Emerging growth company □
If an emerging growth company, indicate by check mark if the registrant has elected not to use the extended transition period for complying with any new or revised financial accounting standards provided pursuant to Section 13(a) of the Exchange Act. □
On January 30, 2020 (the “Closing Date”), GS Mortgage Securities Corporation II (the “Depositor”) caused (i) the issuance of GS Mortgage Securities Trust 2020-GC45, Commercial Mortgage Pass-Through Certificates, Series 2020-GC45 (the “Certificates”) and (ii) the creation of an uncertificated interest (the “Pooled RR Interest”, and, together with the Class RR Certificates, the “Pooled VRR Interest”) in the Issuing Entity (as defined below) representing the right to receive a specified percentage of certain amounts collected on the Mortgage Loans (as defined below), net of all expenses of the Issuing Entity, in each case pursuant to a pooling and servicing agreement, dated as of January 1, 2020 and as to which an executed version is attached hereto asExhibit 4.1 (the “Pooling and Servicing Agreement”), among the Depositor, as depositor, Midland Loan Services, a Division of PNC Bank, National Association, as master servicer and as general special servicer, CWCapital Asset Management LLC, as special servicer with respect to the Starwood Industrial Portfolio Whole Loan, Wells Fargo Bank, National Association, as certificate administrator and as trustee, and Pentalpha Surveillance LLC, as operating advisor and as asset representations reviewer.

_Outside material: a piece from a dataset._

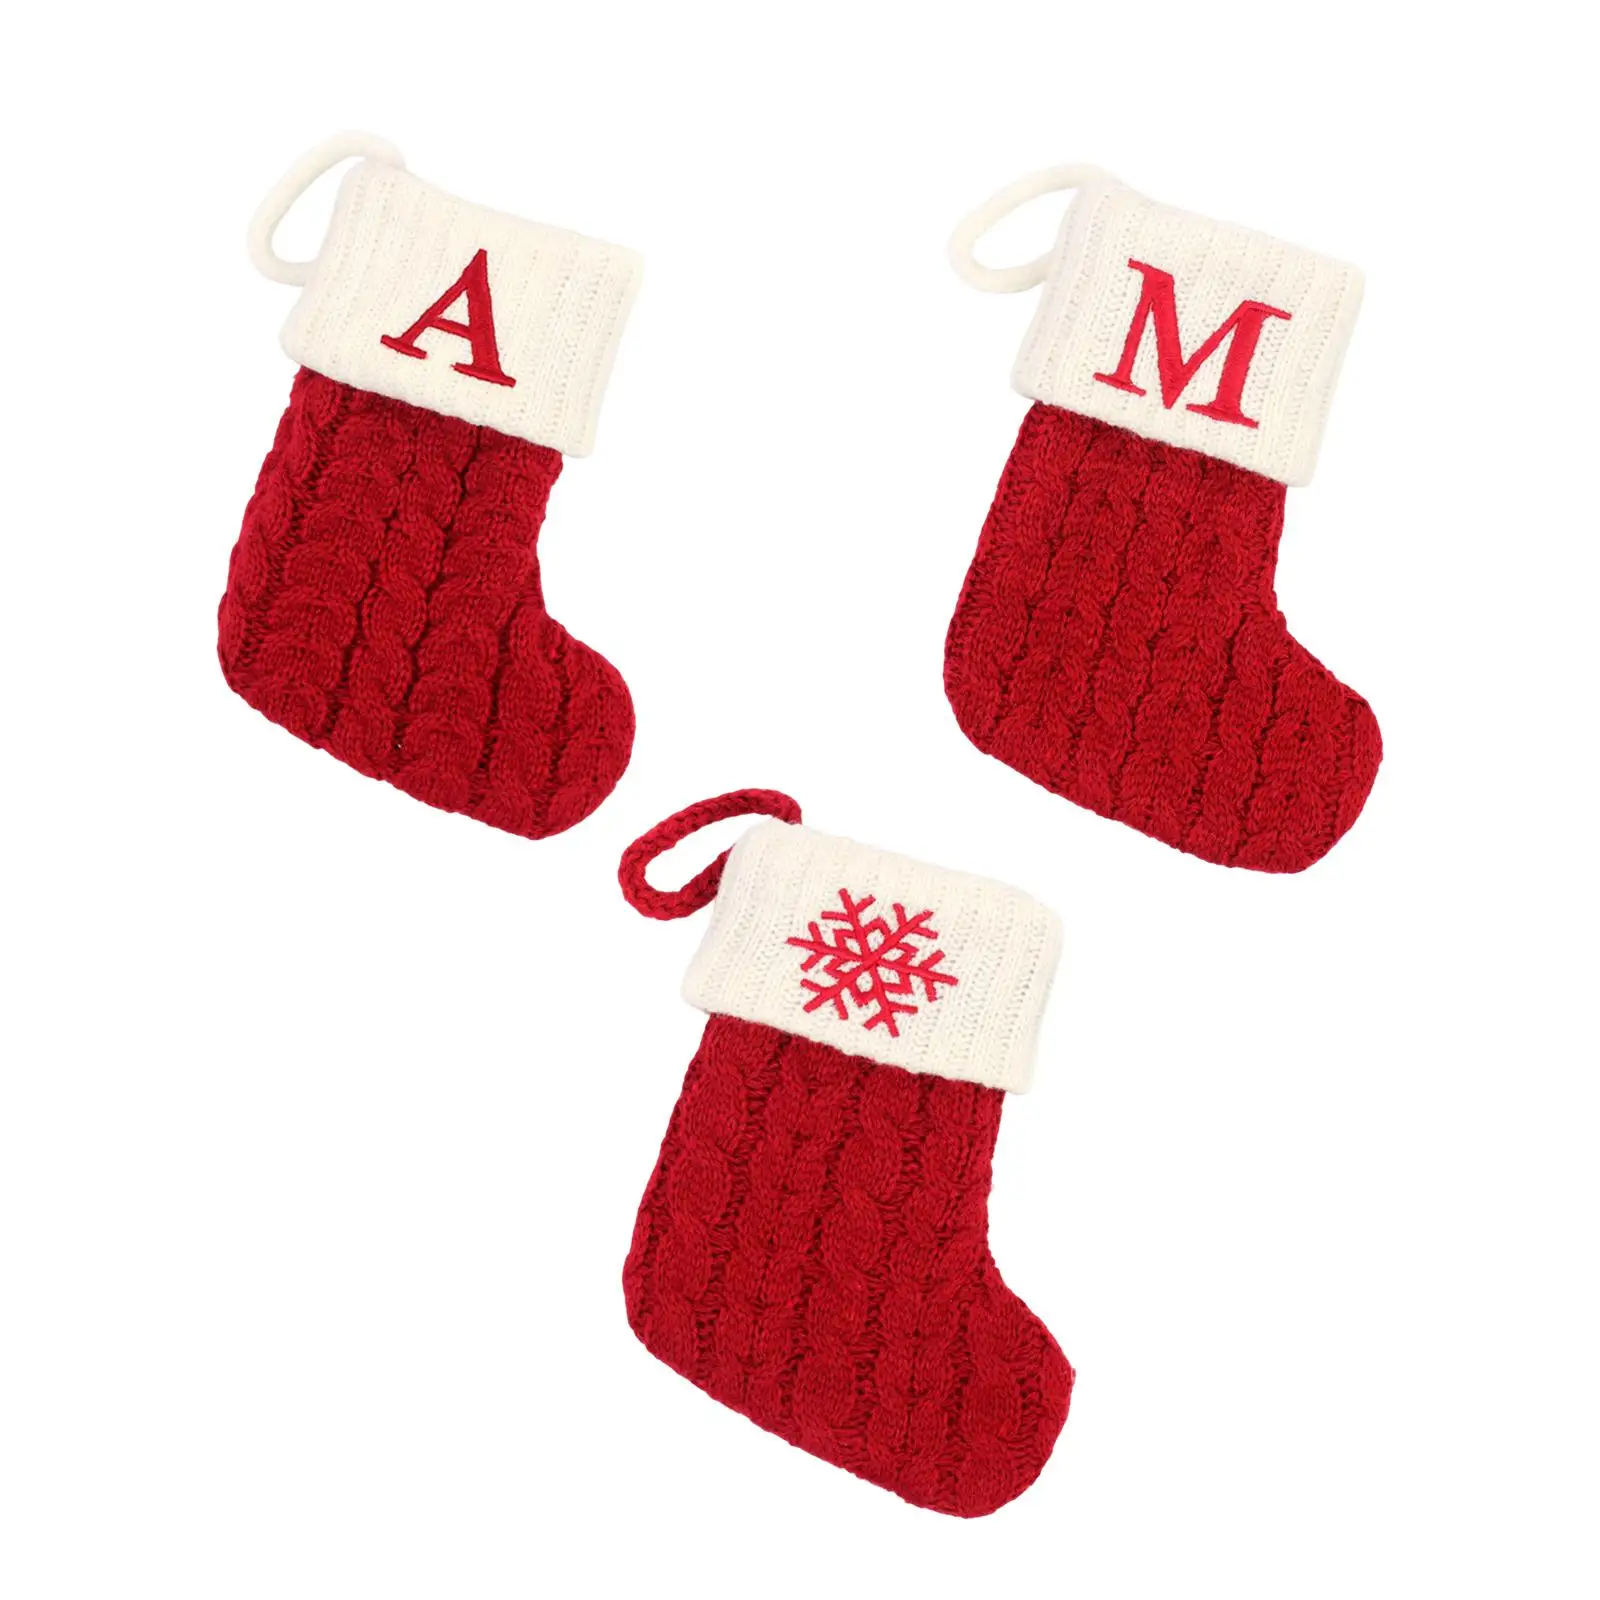 Hanging Knit Christmas Stocking Candy Gift Bag Crochet Cable Knit Christmas Stockings Christmas Socks for Garden Xmas Tree Decor

The assets of the Issuing Entity (as defined below) include several Mortgage Loans each of which is a part of a Whole Loan. Each Whole Loan is governed by a co-lender, intercreditor or similar agreement (each, a “Co-Lender Agreement”) between the holders of the promissory notes comprising such Whole Loan, the terms of which are described under “Description of the Mortgage Pool—The Whole Loans” in the Prospectus dated January 16, 2020 and filed with the Securities and Exchange Commission on January 30, 2020 (the “Prospectus”). Each Co-Lender Agreement is attached as an exhibit hereto as described in the following table. Moreover, certain of such Whole Loans will not be serviced pursuant to the Pooling and Servicing Agreement, but will instead be serviced pursuant to a different servicing agreement (each, a “Non-Serviced PSA”). Each such Non-Serviced PSA is attached as an exhibit hereto as described in the following table. For a description of the servicing of the applicable Whole Loans under such Non-Serviced PSAs, see “Pooling and Servicing Agreement—Servicing of the Non-Serviced Mortgage Loans” in the Prospectus.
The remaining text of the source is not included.